### Provided material
☆ ☆ ☆ ☆

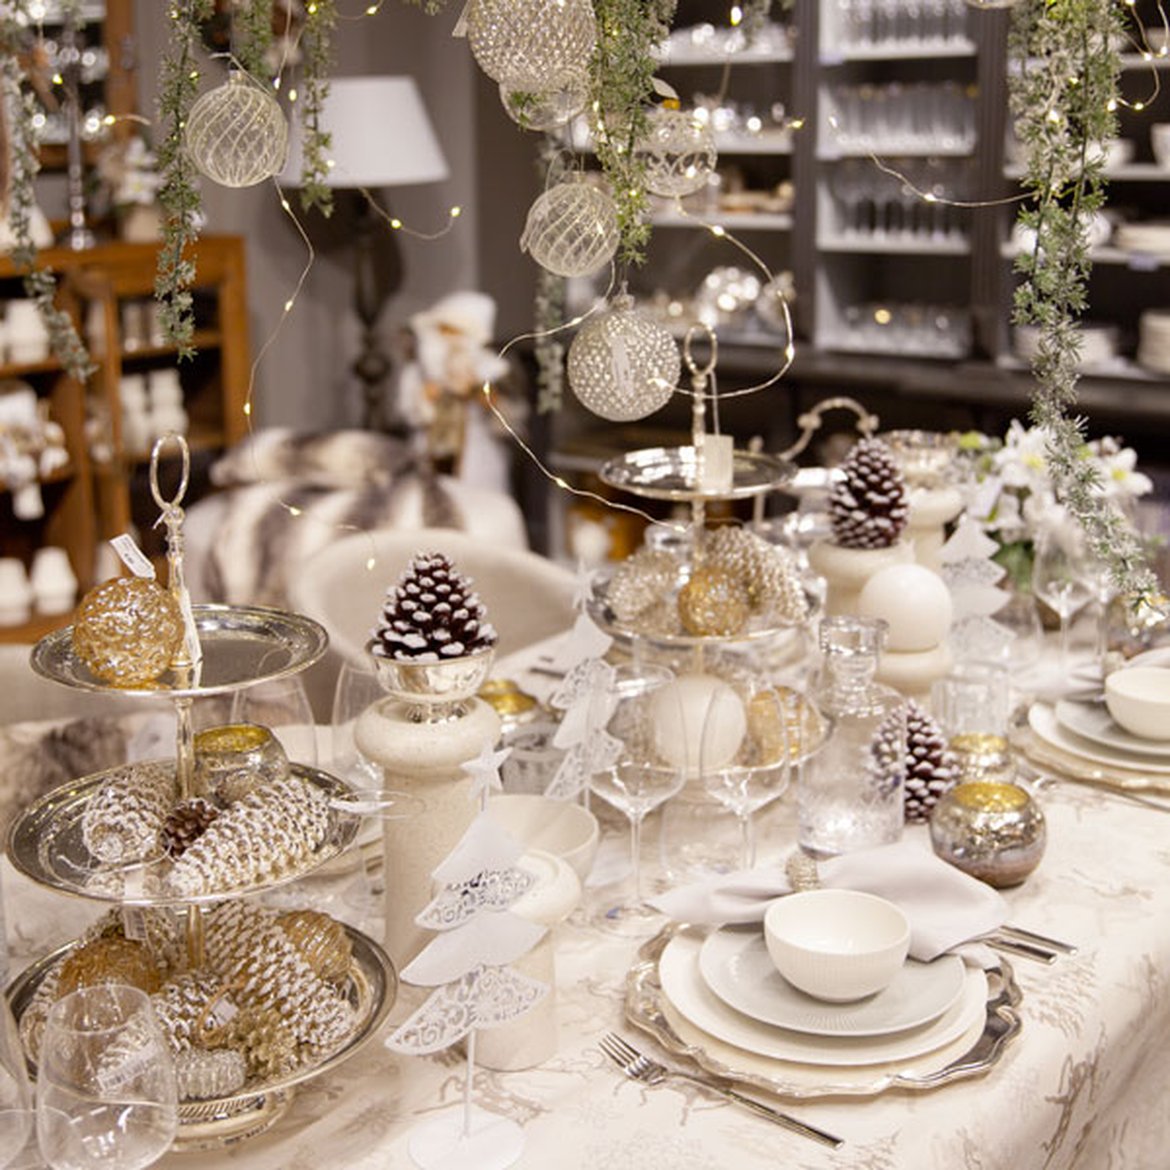 Table de Noël - Blanc, doré et argenté - Argenterie et lustre
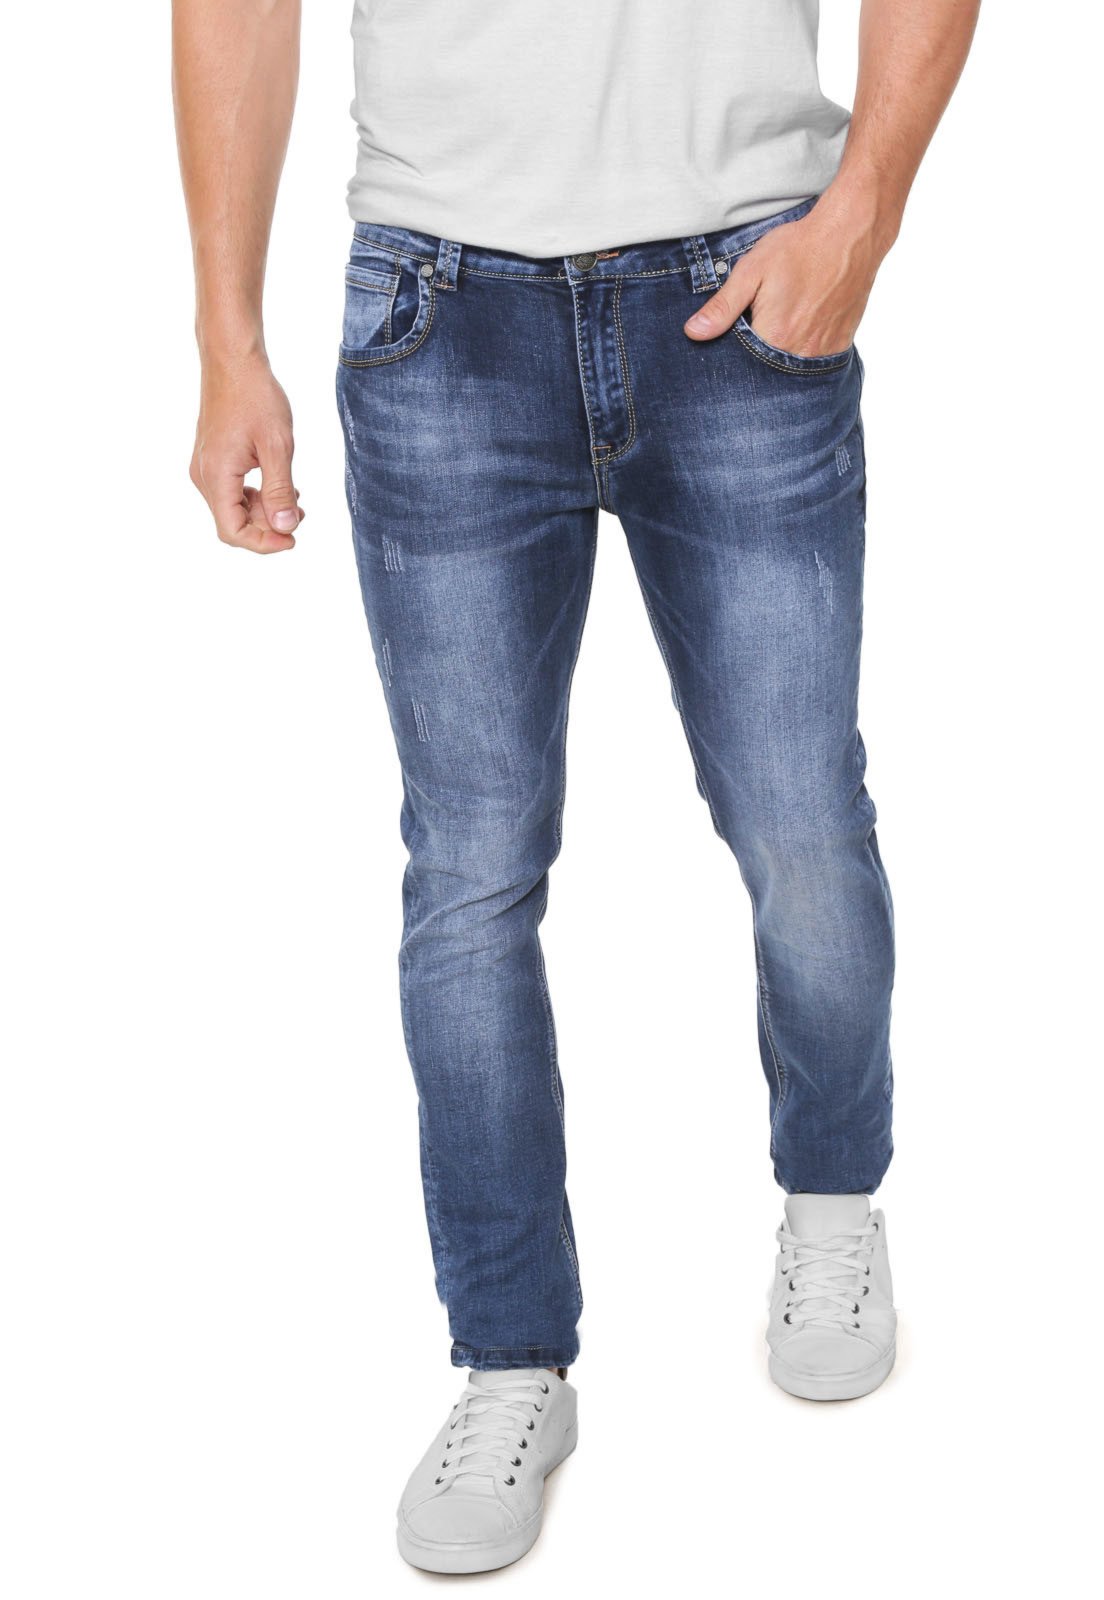 crocker jeans online
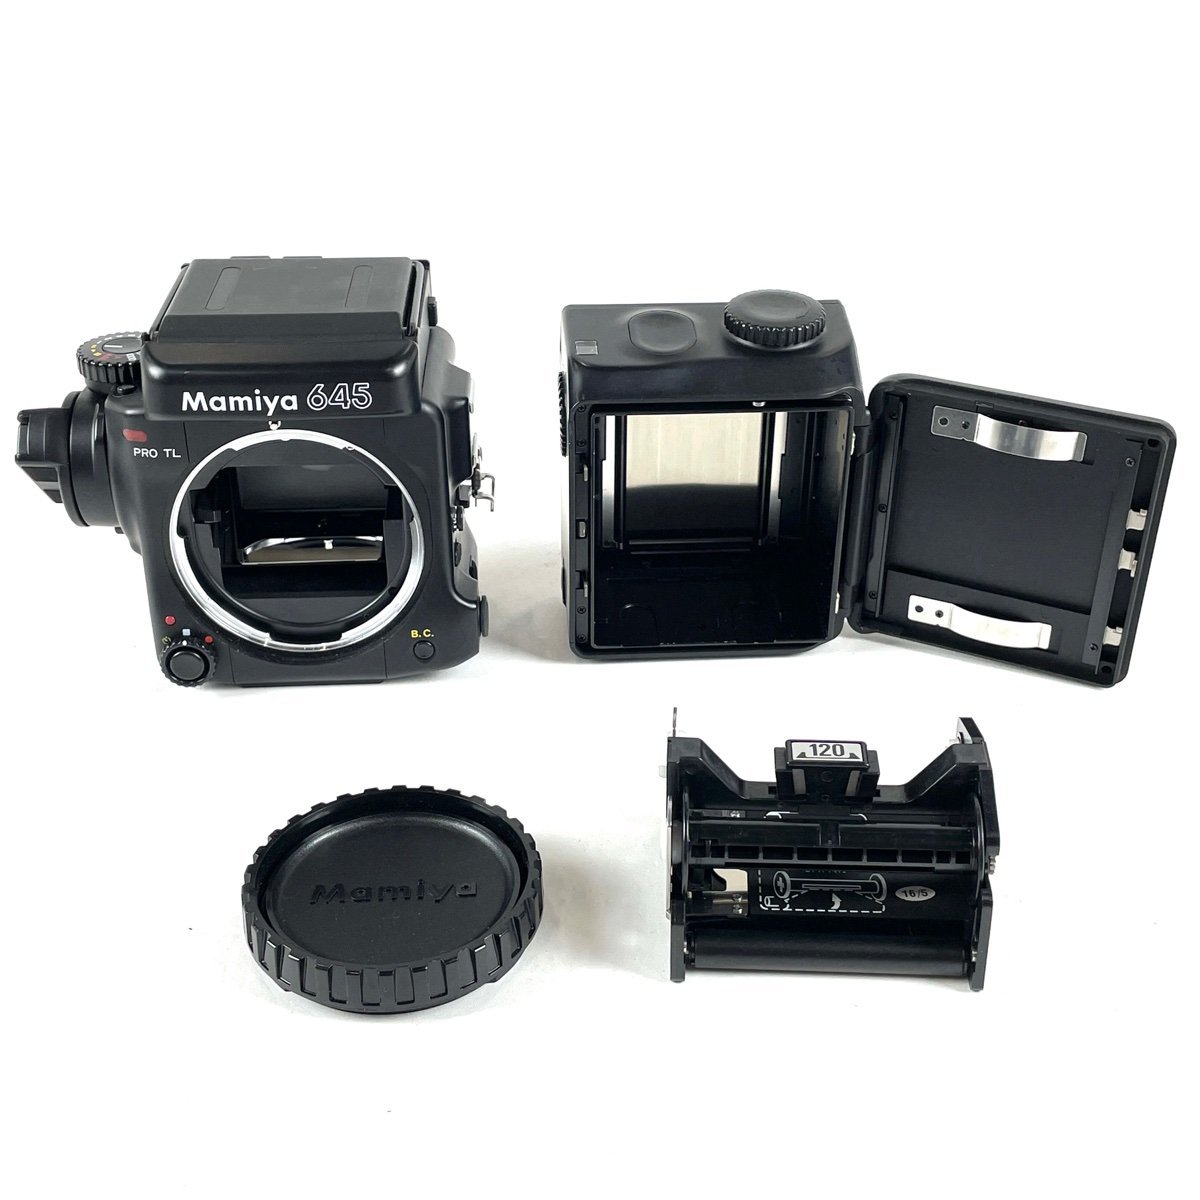 フラワープリント Mamiya 645 PRO TL ボディ - デジタル一眼カメラ

☆ ☆ ☆ ☆

### Assigned task
Give the data above again exactly. Leave the pictures out.

### Task output
 Table de Noël - Blanc, doré et argenté - Argenterie et lustre
 crocker jeans online
 フラワープリント Mamiya 645 PRO TL ボディ - デジタル一眼カメラ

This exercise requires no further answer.